> [STORED DATA]:

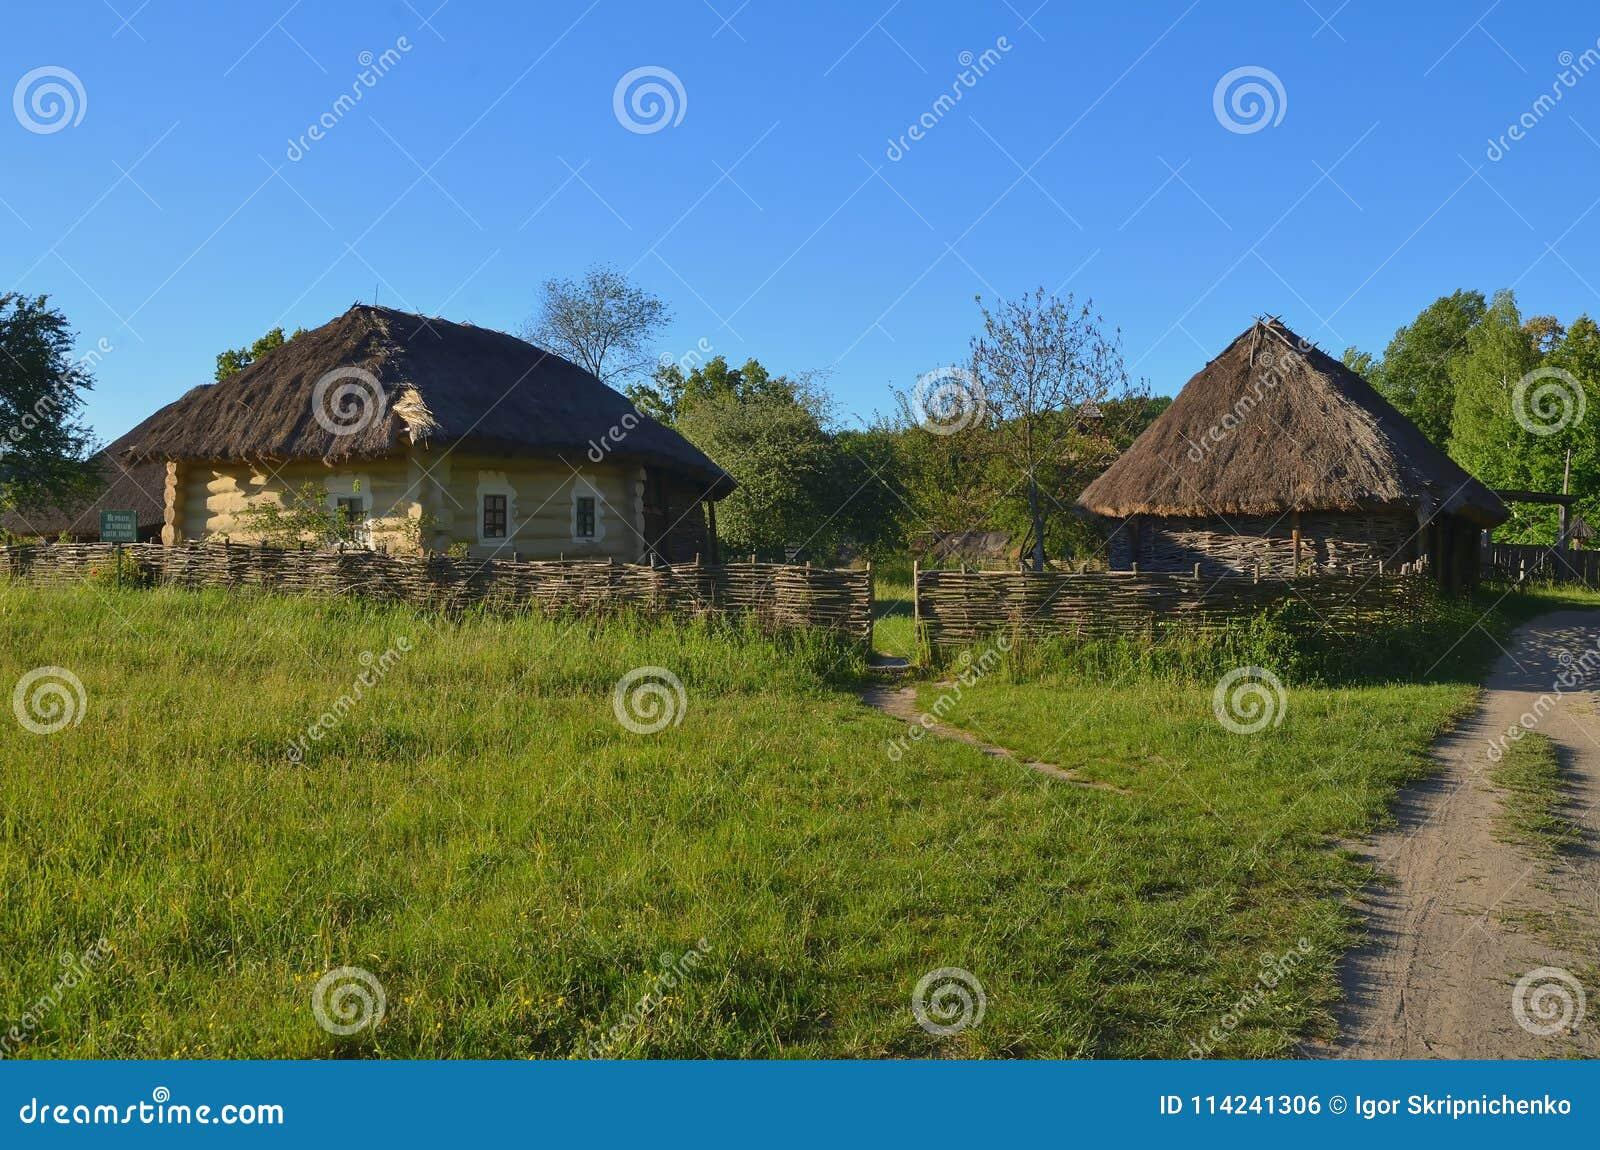 Case Piccole In Legno : Piccole case di legno operate con i tetti bloccati fotografia
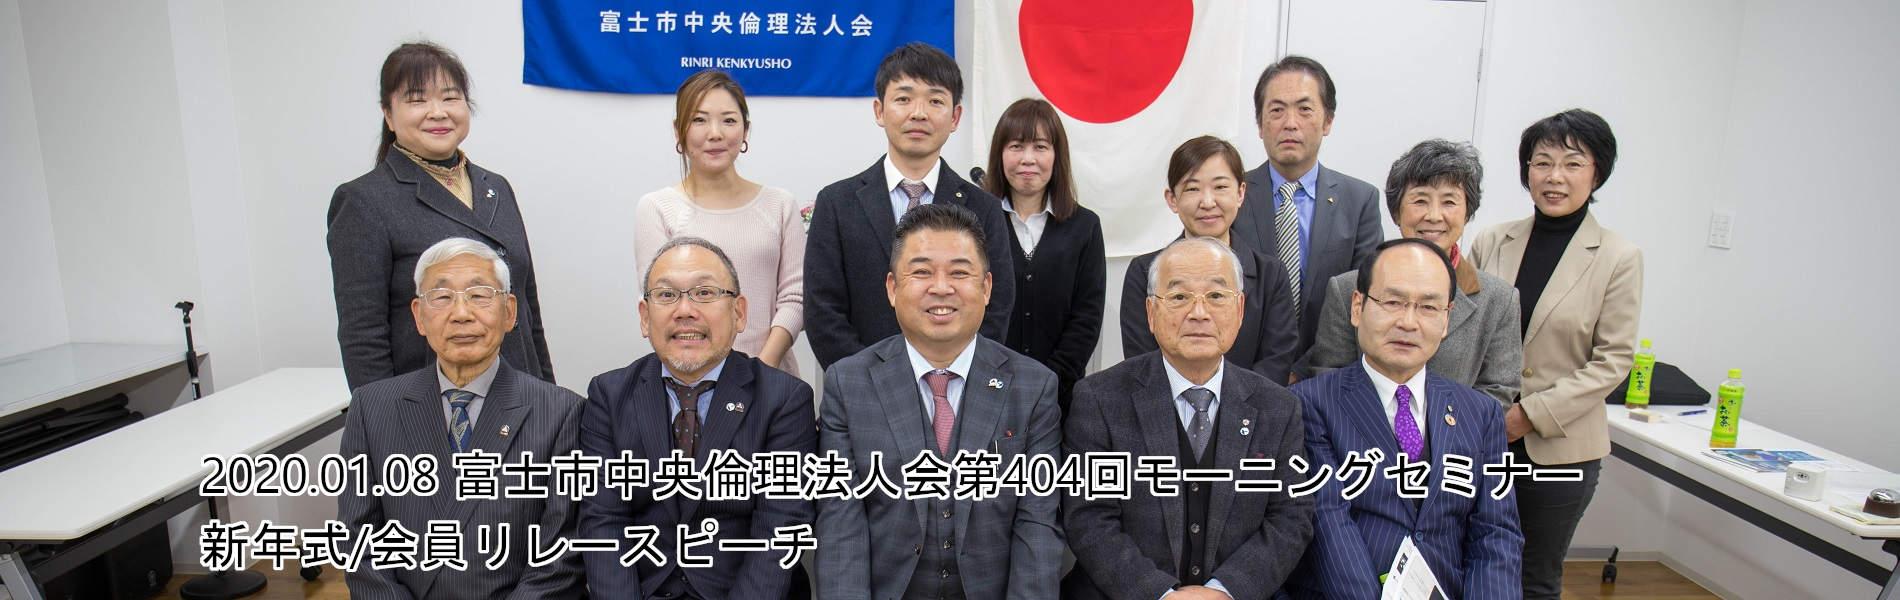 第393回モーニングセミナー 講師:増田哲也 氏
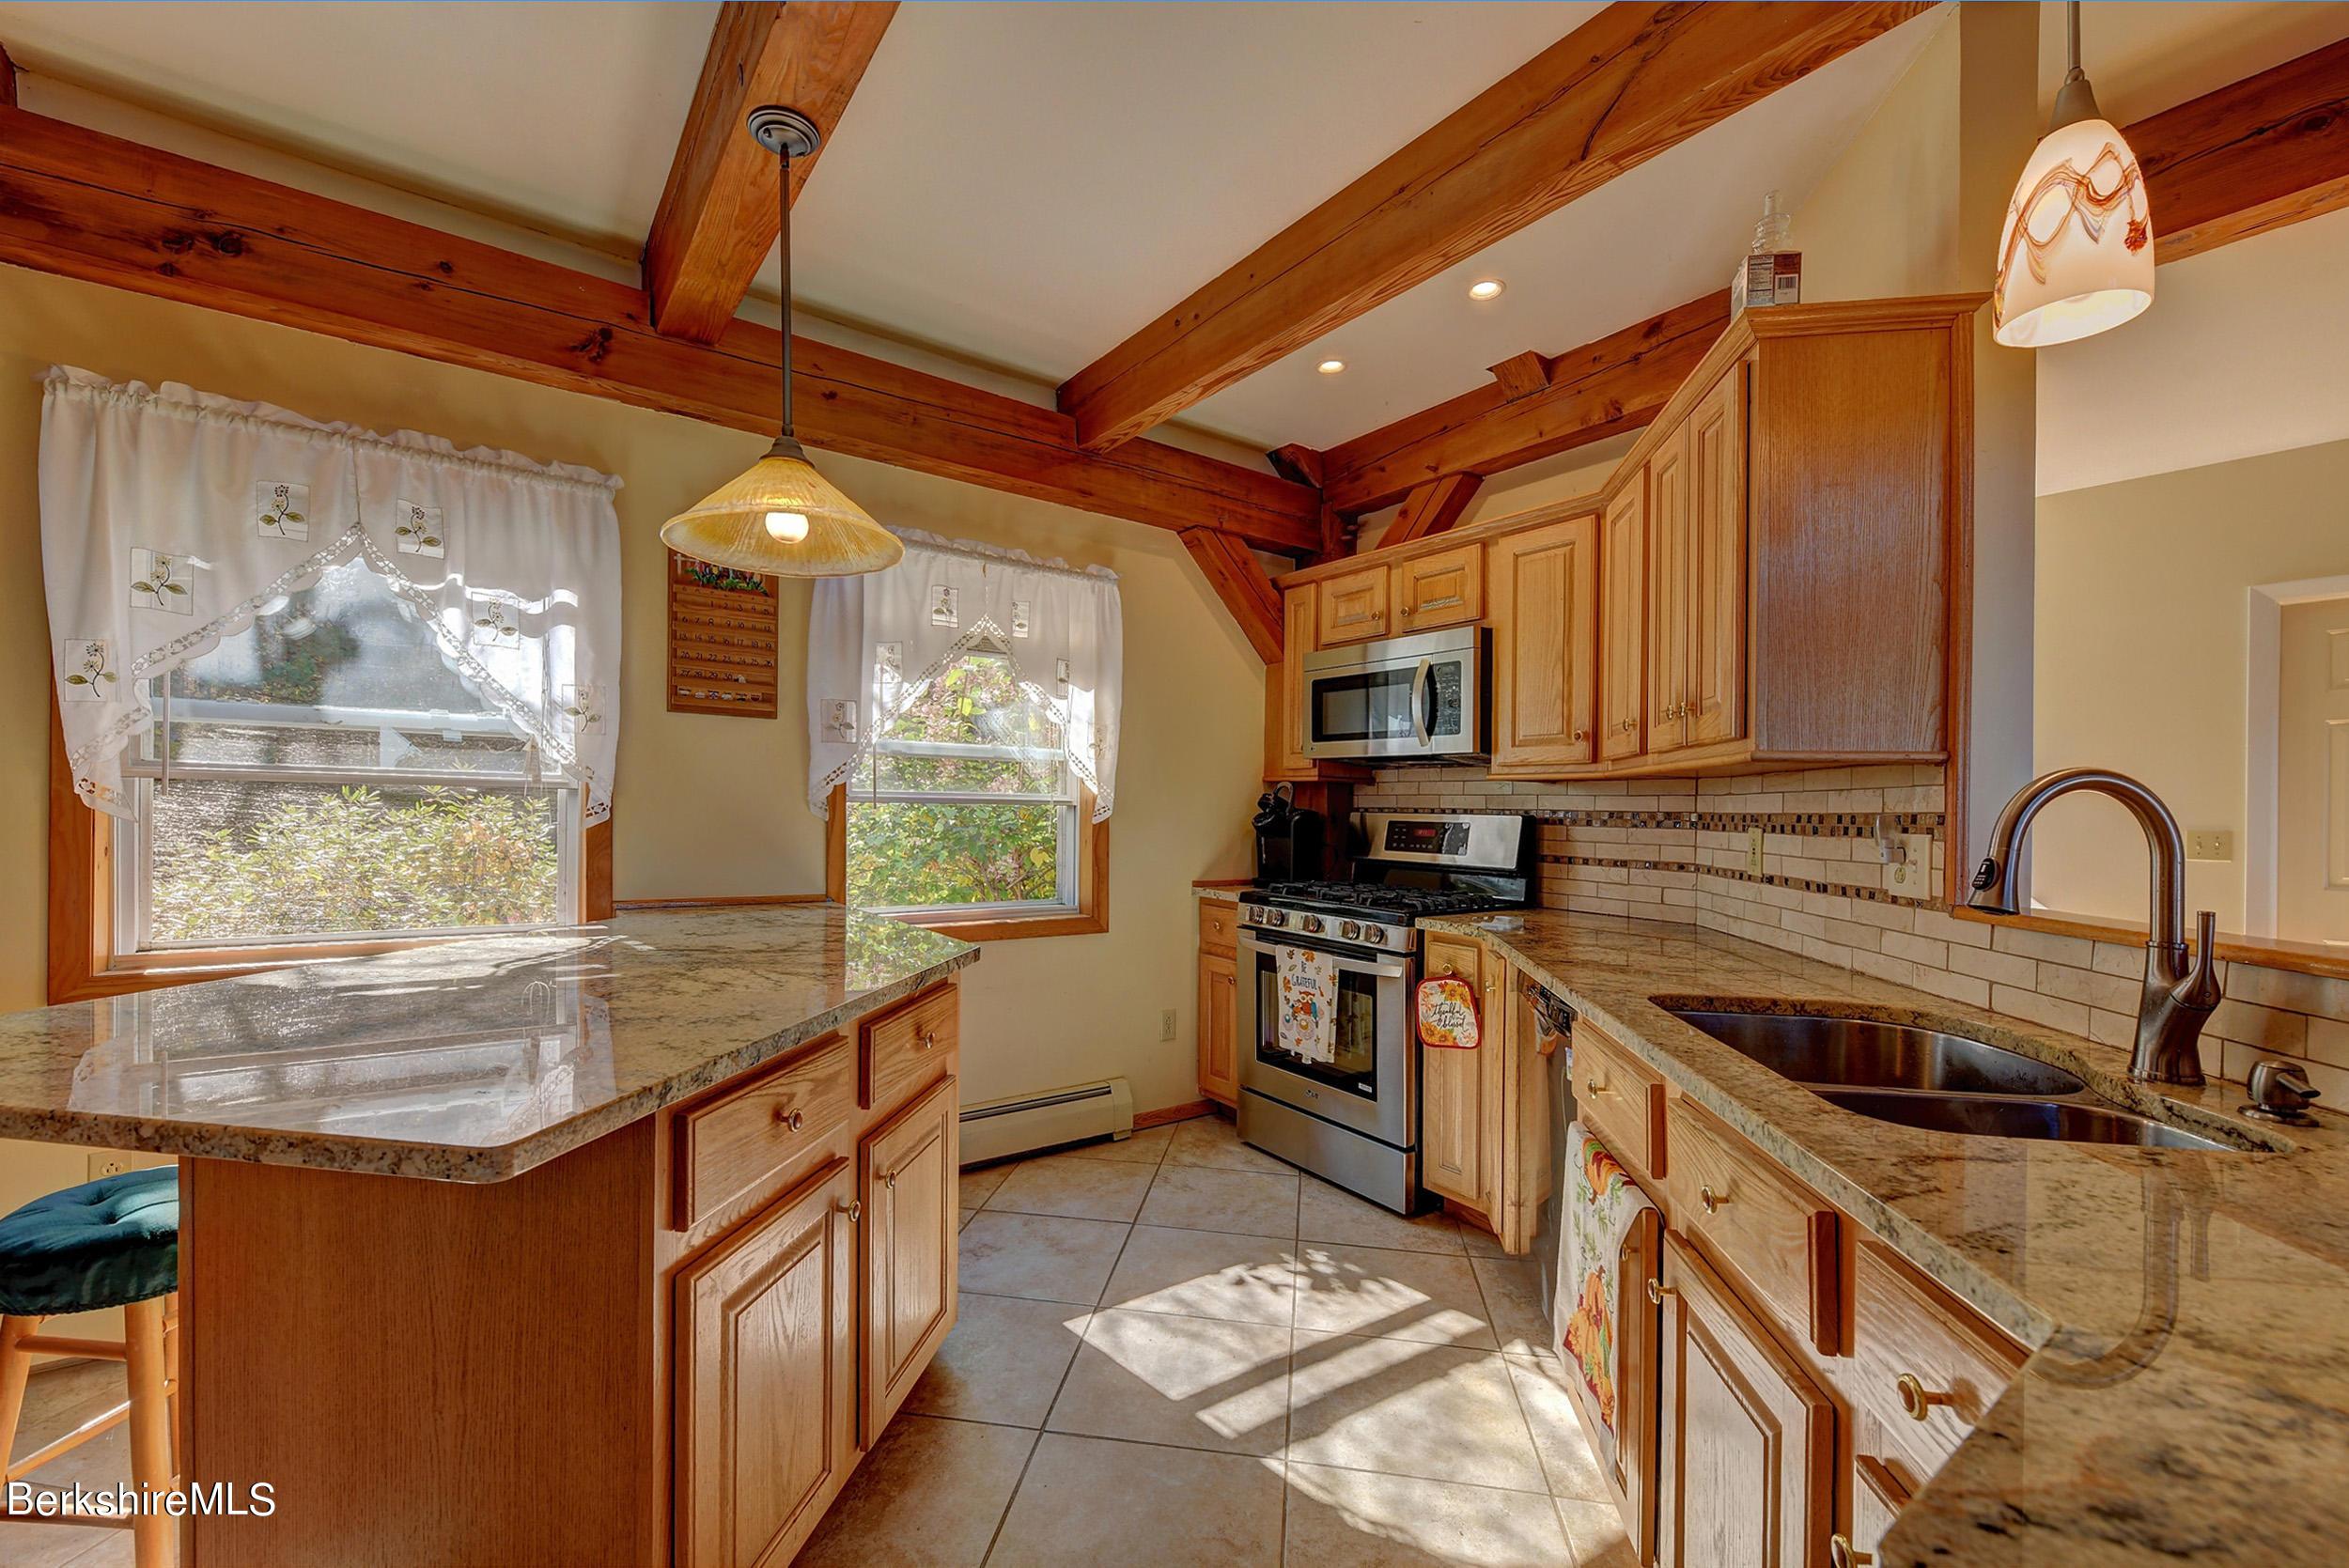 224 Kitchen

> [WHAT TO PRODUCE]:
Write the material above out again exactly as it reads, but don't carry over the pictures.

> [SOLVED PROBLEM]:
 Case Piccole In Legno : Piccole case di legno operate con i tetti bloccati fotografia
 第393回モーニングセミナー 講師:増田哲也 氏
 224 Kitchen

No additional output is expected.